Application to Current Antibody Practice

The decision stands as another example of the Patent Appeal Board reversing current (and longstanding) examining practices. Applicants have been dealing with highly standardized and intransigent objections based on Sloan Kettering for many years, and have long been making arguments during examination similar to those submitted by the appellant in CD 1398. Meanwhile, examiners have maintained objections that fail to take into account advances in the art. When pressed about these objections, some examiners have indicated that they are required to adhere to examination policies. This might also explain why the application considered in CD 1398 ended up before the Patent Appeal Board in the first place. The decision therefore seems to highlight an internal disconnect between the Patent Appeal Board and the policy unit of the Canadian Intellectual Property Office.
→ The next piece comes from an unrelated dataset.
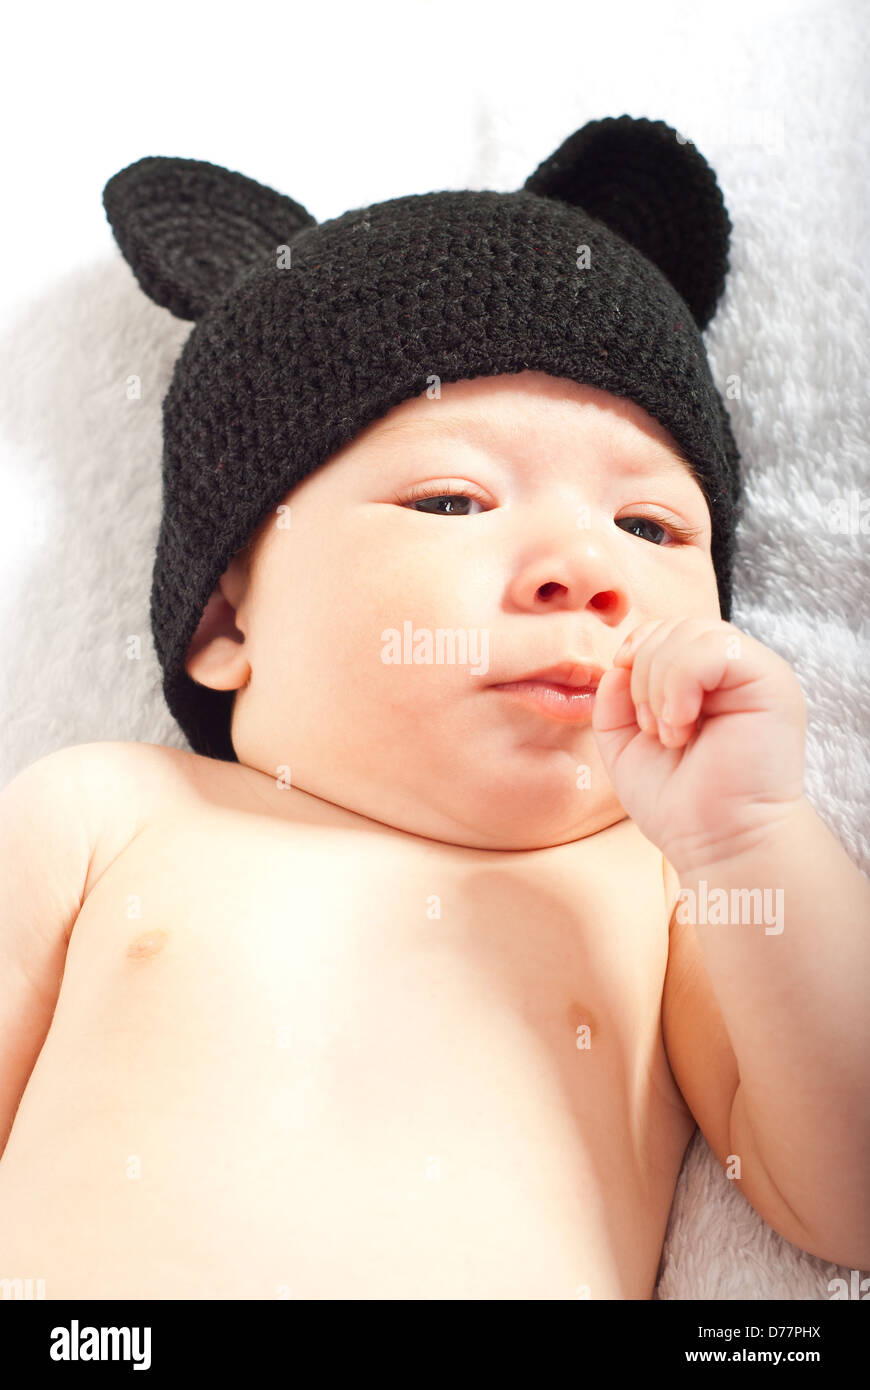 Baby Boy con tejido gorro negro con orejas Fotografía de stock - Alamy

It is hoped that CD 1398 will not be interpreted as the Immunex decision was, i.e. as an indication that only one narrow swath of previously objectionable subject matter is now to be accepted. It would be a poor reflection on the Canadian patent system if applicants had to wait for the Patent Appeal Board to opine on each and every technical advancement before decade-old changes in the state of the art can be accepted and considered during examination. It is clearly not ideal to have the Patent Appeal Board in the role of retroactive gatekeeper, routinely tasked with making decisions ten to fifteen years after the fact.

One hopes, rather, that CD 1398 — particularly its acknowledgement of the dynamic state of the art — will serve as a signal from the Patent Appeal Board to the examining divisions that examiners are not bound by any static policy, and must have discretion to use their subject matter expertise as well as the relevant law to fully consider the specific facts, circumstances, and merits of the Canadian patent applications in their stewardship.